A novel biocatalytic pathway has been developed that transforms aldehydes directly into amides – crucial components for numerous drug compounds. This innovative method, utilizing oxygen from the atmosphere and water as the solvent, has been employed to redesign synthetic routes for five drug molecules, showcasing its potential to provide a more sustainable, eco-friendly, and efficient solution for drug synthesis.
Amide bonds are prevalent in pharmaceuticals due to their chemical stability, ease of formation, and biocompatibility. They play a significant role in regulating characteristics such as solubility, shape, and a molecule’s interactions with proteins in the human body. While an amide bond by itself does not classify a compound as a drug, it frequently serves as a vital structural feature balancing a molecule’s stability with its biological activity.
Typically, amide bonds are created through chemical synthesis by linking carboxylic acids – which can be sourced from aldehydes or alcohols – with amines. However, this process necessitates high-activation-state precursors from acids, protective group strategies, toxic coupling reagents, transition metal catalysts, and considerable quantities of organic solvents, leading to waste generation and increased energy consumption. In recent years, more eco-friendly, enzymatic approaches using ATP-dependent ligases have been developed; however, these methods still rely on carboxylic acid precursors.
Now, Xiaoguang Lei and his team at Peking University, China, have created an innovative biocatalytic and ‘low activation’ pathway that entirely circumvents the need for carboxylic acids, directly synthesizing amide bonds from aldehydes or, via a two-step process, from alcohols.
‘We began by investigating whether we could persuade an enzyme that typically converts aldehydes into carboxylic acids to take on a different task,’ explains Lei. ‘In its standard reaction, this enzyme, aldehyde dehydrogenase, temporarily produces a highly reactive intermediate.
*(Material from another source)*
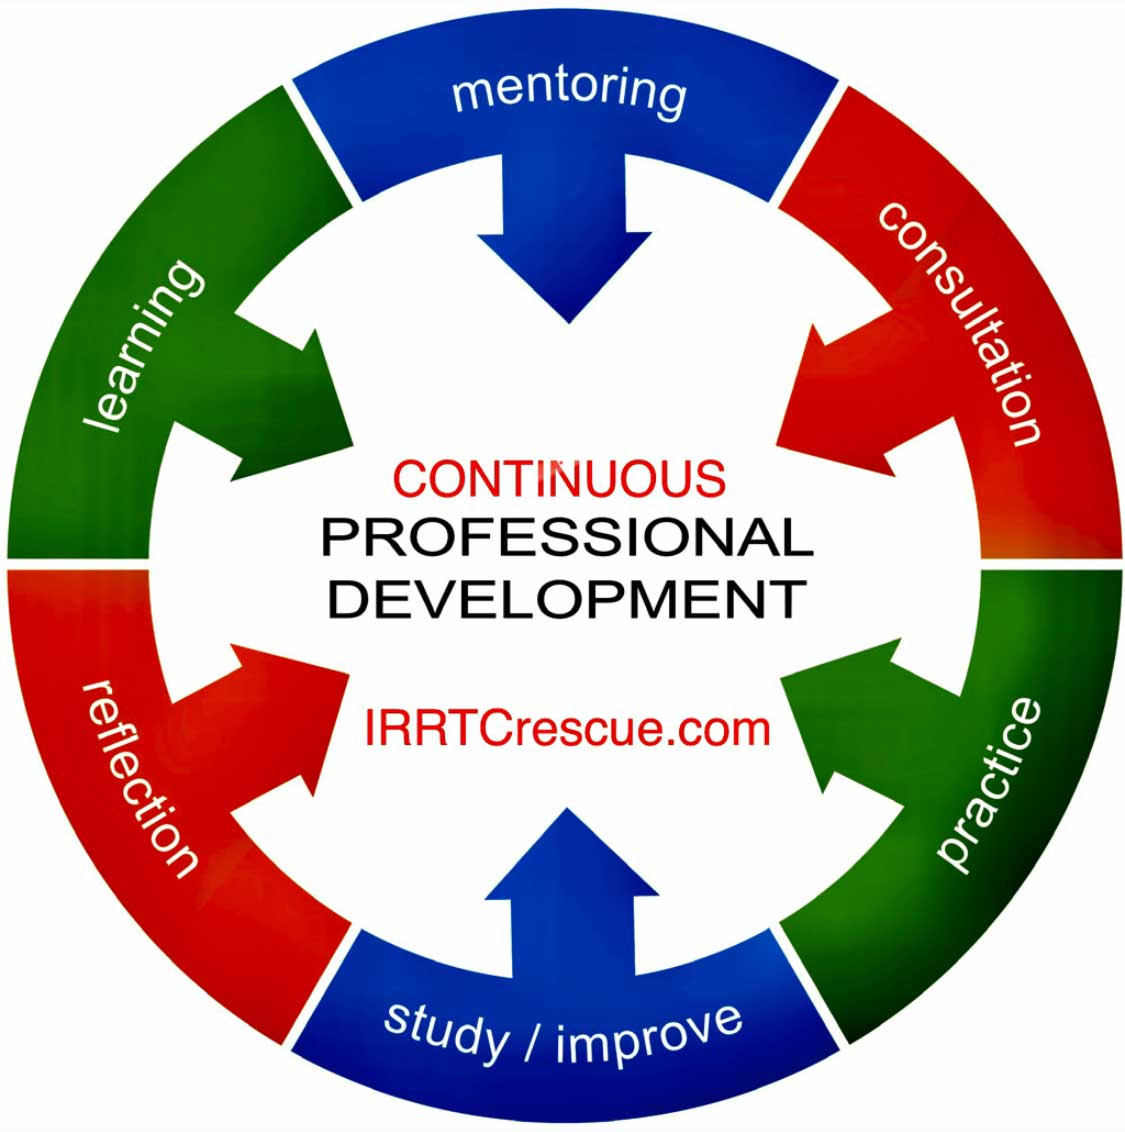 IRRTC continuous Professional Development circle

We sought to determine if we could modify the enzyme so that instead of reacting with water to generate an acid, the intermediate would interact with an amine to yield an amide.’
To achieve this, the group employed protein engineering methods to reform the active site of aldehyde dehydrogenase, creating enzymes they named oxidative amidases. When reacting with an aldehyde, the active site facilitated the entry of an amine to engage with the intermediate rather than water, enabling direct amide production. When starting from alcohols, an initial enzyme converted the alcohol to an aldehyde before following the same pathway.
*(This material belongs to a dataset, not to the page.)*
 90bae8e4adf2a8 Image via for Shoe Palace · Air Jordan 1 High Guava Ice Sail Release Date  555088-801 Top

Lei notes that the primary challenge lay in preventing water from reacting with the intermediate within the enzyme while promoting an amine to outcompete water and effectively ‘hijack’ the intermediate. To address this, the team adjusted the pH to approximately 10, ensuring the amine remained nucleophilic enough. Additionally, hydrophilic residues in the native enzyme were replaced with water-repelling ones.
‘Achieving this necessitated meticulous structural analysis and precise redesign of the enzyme’s active site to manipulate both spatial arrangement and chemical environment,’ states Lei. ‘One unexpected outcome was the minimal changes required to completely redirect the enzyme’s chemistry. Only four targeted mutations were sufficient to transition the primary product from an acid to an amide.’
Findings indicated that this system was effective across various aldehydes and amines, including those pertinent to pharmaceuticals. As a proof-of-concept, the researchers showcased that the oxidative amidases could facilitate the production of five key pharmaceuticals, including drugs intended for treating anemia and leukemia.
‘The remarkable enzyme engineering accomplished by Lei and colleagues introduces a new biocatalytic pathway to amides, initiated from amine and aldehyde precursors,’ comments Jason Mickelfield, who researches biocatalysis at Imperial College, London. ‘Any innovative biocatalytic alternative is important, and I am eager to determine whether this method demonstrates the same versatility as previous ATP-dependent ligase strategies.’
‘Our long-term aspiration is that this chemistry will enable chemists to devise drug synthesis pathways in entirely new manners, utilizing simpler and more readily accessible building blocks like alcohols,’ says Lei. ‘We are currently focused on broadening the spectrum of enzymes and substrates, enhancing efficiency, and investigating how this approach can be applied to pharmaceutical manufacturing on an industrial scale.’